Flow shop scheduling of hybrid make-to-stock and make-to-order in a distributed precast concrete production system

Prefabrication is not only economically optimal but also environmentally sustainable; hence, it is the future of construction. Furthermore, mass customization is the future of prefabrication. In the mass customization era, the production paradigm in precast concrete (PC) factories will inevitably shift toward a blend of make-to-order (MTO) and make-to-stock (MTS) from the current MTO dominant model.

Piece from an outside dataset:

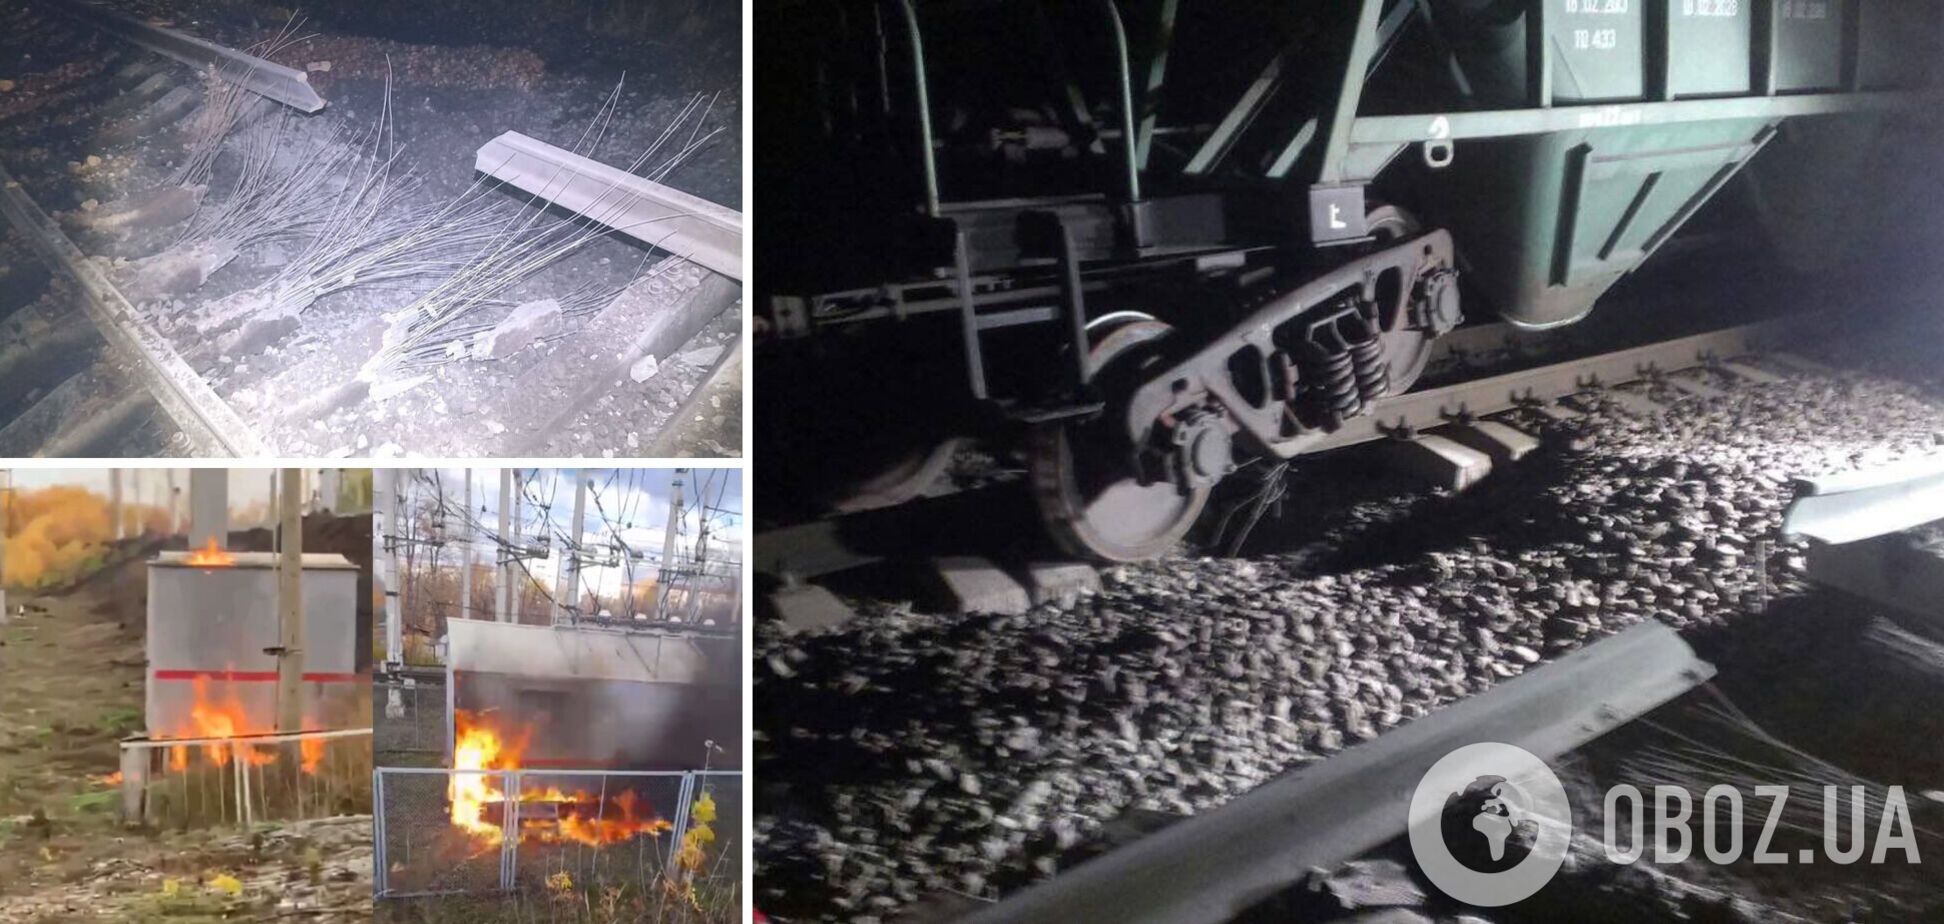 В Брянской области российские партизаны устроили взрыв на железной дороге, а в Башкортостане сожгли релейный шкаф. Фото

Because PC factories have more motivation to fulfill MTO orders to secure profit, a hierarchical scheduling mechanism of MTO first and MTS second seems reasonable. Meanwhile, an emerging trend of expanding factories overseas is observed in the PC industry, especially in land-scarce countries like Singapore. Given additional resources, the new multiple-factory production network leads to relatively relaxed MTO due dates, which makes the proposed hierarchical scheduling mechanism more sensible. However, finding an optimal production plan for hybrid MTO and MTS on multiple production lines is not easy. There is an assignment problem in addition to the scheduling problem. Both the assignment problem and the scheduling problem are in the class of combinatorial optimization problems (COPs). Given that the use of meta-heuristics for solving complex COPs is a rapidly growing research topic, this paper employs meta-heuristic methods to solve the two problems simultaneously. Comparisons between the genetic algorithm and the whale optimization algorithm are made. Through the computational evaluation of a test case, the performance and effectiveness of the proposed methods are verified.